This story is written from Olivia's point of view. It's about a few regrets Liv has. When something happens to Elliot she relives the most important moments in their relationship and wonders what could have happened if she chose differently. EOness! Please let me know what you think!
I should know better than to dwell on the words "what if". I saw how those two words controlled my mother's life. I know having me in her life never came close to outweighing the "what ifs" she agonized over. I know firsthand those two words are a sure fire way of killing yourself from the inside as it ruined basically the first half of my life. I say the first half of my life as sometimes something might happen to you that will divide your life into two. The period before the event took place, and the period that comes after. For some people it is a horrible tragic event like a car accident, or in the case of my mother and the victims I work with every day, a brutal rape. Your life changes because someone took something from you, they tear you apart and the time it takes for you to piece yourself together again becomes the period after. Other times if you are lucky enough it's a wonderful event like giving birth to a child, or meeting someone who truly understands you. In these cases it's an event where so much has been given to you. I was one of the lucky people who had a wonderful event change my life. It wasn't a dramatic day or a near death experience. It was simply the day I stepped through the doors of the SVU precinct in New York City.

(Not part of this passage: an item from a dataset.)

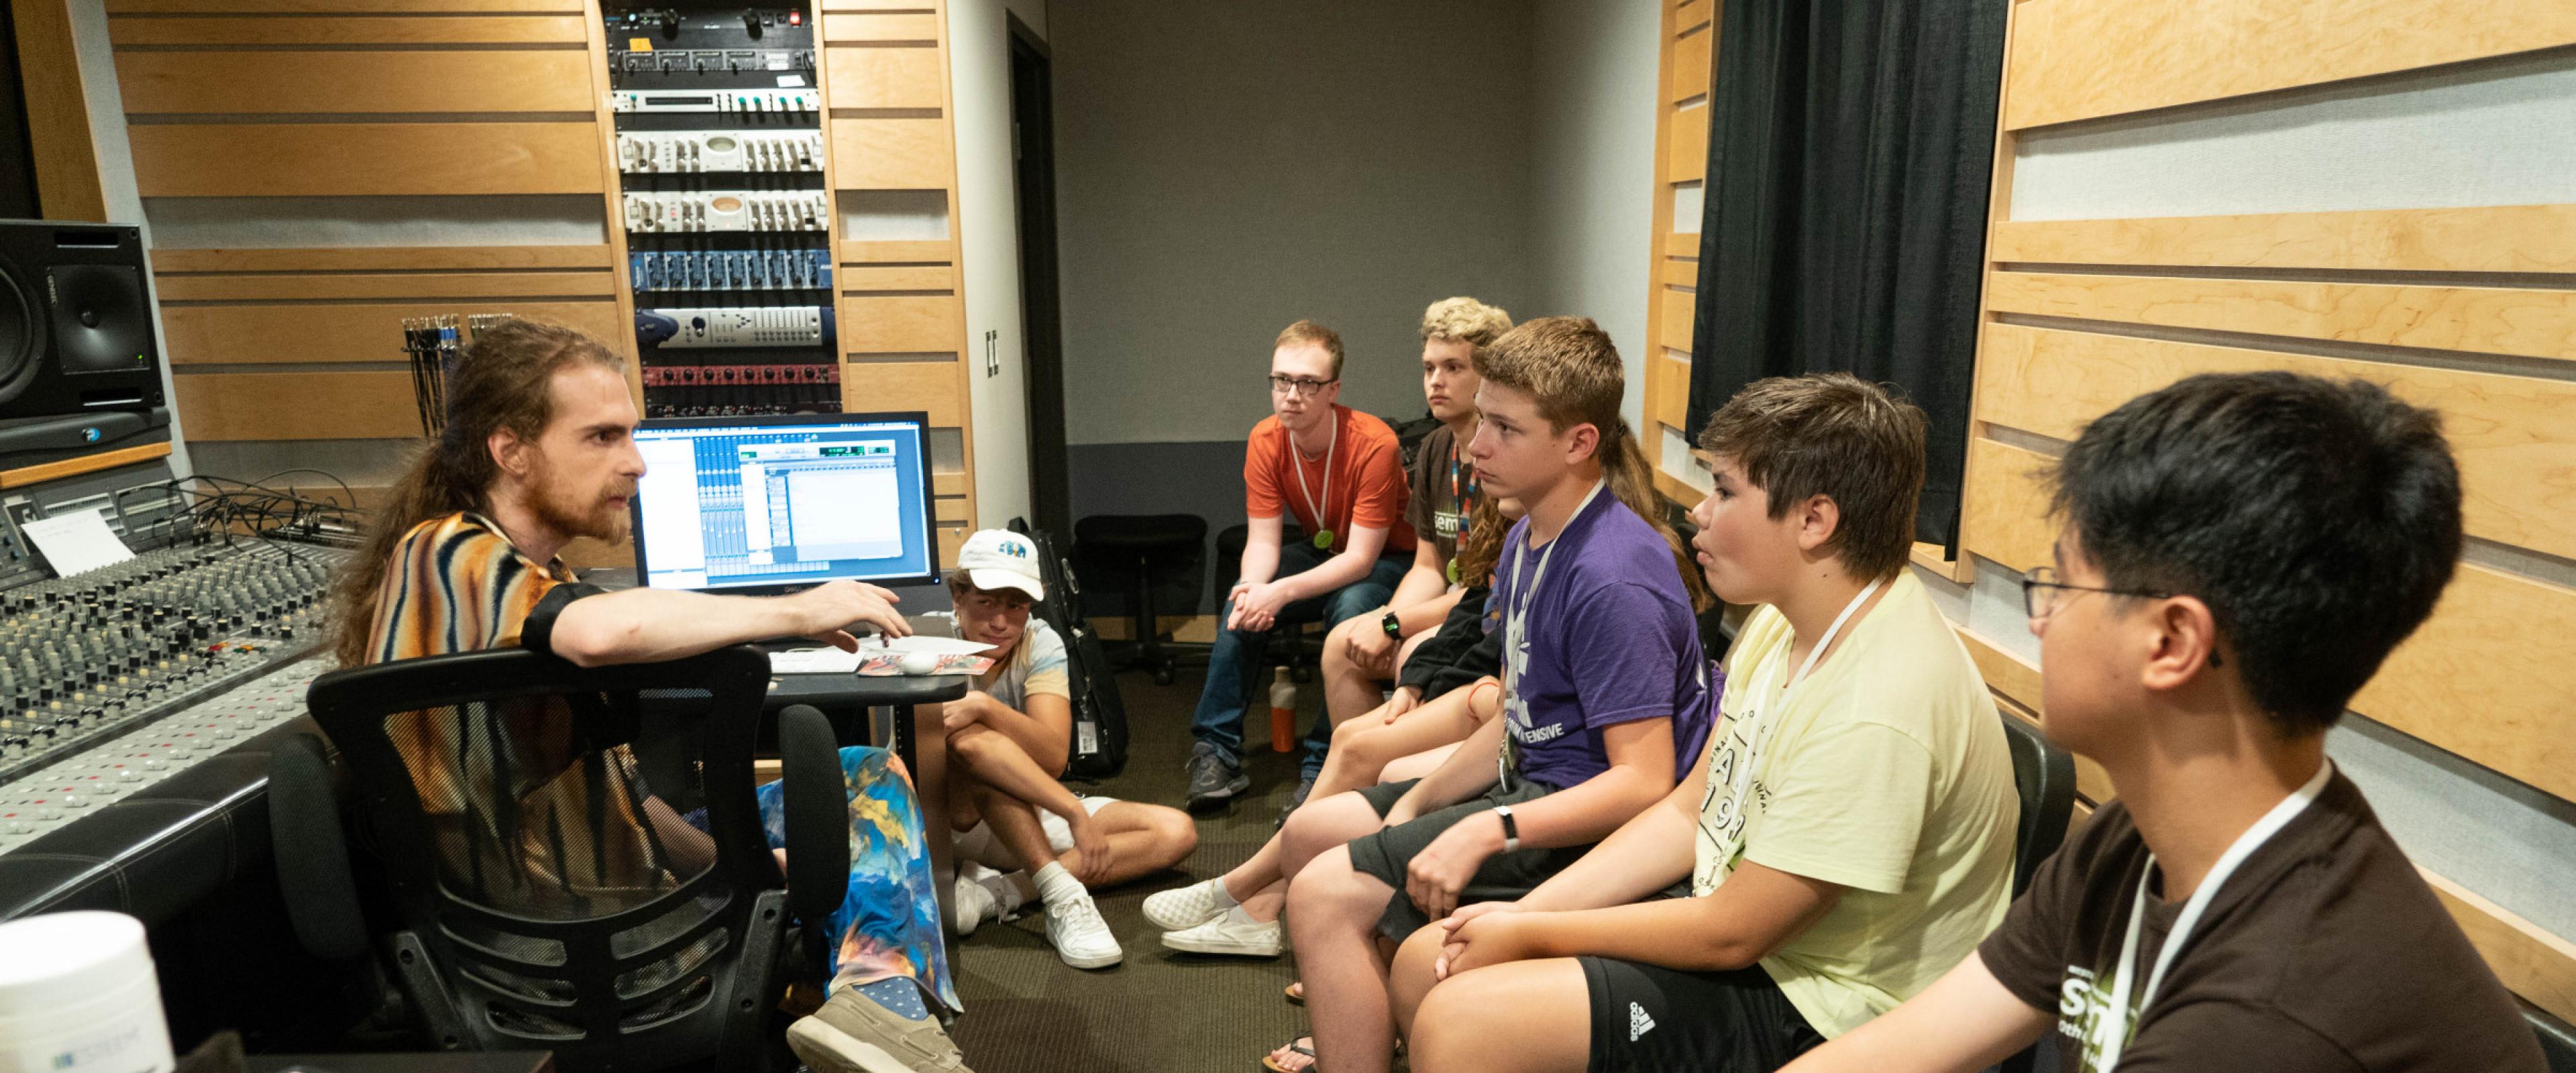 music tech class

The day I met with Captain Donald Cragen I did not imagine that in a few minutes he would introduce me to the people who would become the family I never knew. I have never known the value of a family. I never understood my mother's inability to love me until I learned the truth about my conception. Then I understood, but it didn't make it any easier to deal with. The Captain was nice, but coolly professional. I remember thinking that he had sad eyes, and I wondered what made them that way. I remember thinking those eyes probably saw more than any person should ever have to deal with. He explained to me that my new partner was out on the field, and that he would introduce me to him as soon as he got back. He walked swiftly out of his office, me trailing nervously behind him clutching a small box with my books and a few photo frames for my new desk. He walked me to a desk, empty except for the tall thin man sitting on it with his back to me, his head bent over a case file.
"John" the captain said. "Meet Olivia Benson, our newest member at SVU."
I put my little box on the desk. The man turned to face me. "John Munch, it's nice to meet you Olivia" he said as he shook my hand firmly. "Stay away from the coffee, it's horrible" he added with a slight grin. I liked him immediately.
"You'll soon realise detective Munch is our resident cynic." The captain said.
John Munch smirked in reply then turned his attention back to the case file he was reading.
I wanted to say something witty, to sound smart and completely at ease. My thoughts were interrupted by the arrival of two men in the squad room, talking and laughing. The first was medium height and slender with sandy coloured hair and a wide almost boy like grin. The second was dark, tall and muscular with broad shoulders. By the time they reached us, they stopped laughing.
"Cassidy, Stabler" the captain said "Meet Olivia Benson, our newest detective and your new partner Stabler."
The way the shorter man smiled at me made me think he would be Detective Stabler, my new partner. He stepped towards me.
"Hi Olivia" he said. "I'm Brian Cassidy, it's really nice to meet you! I hope you have a good time working with us."
I was a bit surprised. "Nice to meet you Brian" I said instead. "I'm really looking forward to my job here" I replied with a smile.
The tall dark haired man said "Hello I'm Elliot". He sounded vaguely distant. He gripped my hand firmly and at the same time that the scent of sandalwood and soap filled my nostrils I noticed that he had icy blue eyes. "Olivia" I said and smiled. He smiled back briefly. For a second his face changed. The icy blue of his eyes could have been the sky on a warm day and his eyes crinkled kindly. A deep dimple appeared in one of his cheeks. He was beautiful.
He removed his big warm hand from my grip and the moment disappeared. A second later Captain Cragen sent me on my first case, and I did not have the time to dwell on the distant way my new partner treated me.
I cannot help replaying this moment over and over in my head, as I've done for the past twelve years. What if in the moment I met Elliot, I walked away? What if I transferred to homicide, or narcotics? What if I never saw his blue eyes or beautiful smile? The question that haunts me beyond everything else the biggest "what if" of them all is: what if I never loved Elliot Stabler? Loving Elliot was something I never had any control over. When I first realised I loved him it was not a dramatic moment, it wasn't an epiphany or a revelation. It was in my second year of working with him, when I saw him talking to the 3 year old boy of a rape homicide victim. The tenderness in his face when he held the boy made my heart ache. As a child I dreamt about a man one day coming to rescue and marry me. I dreamt of a strong and kind man, as I knew no kindness from men. If, 5 year old me were to be confronted with a photo of Elliot's face, I would have chosen him as my prince.
If I never loved Elliot, I would not be in this much pain right now…..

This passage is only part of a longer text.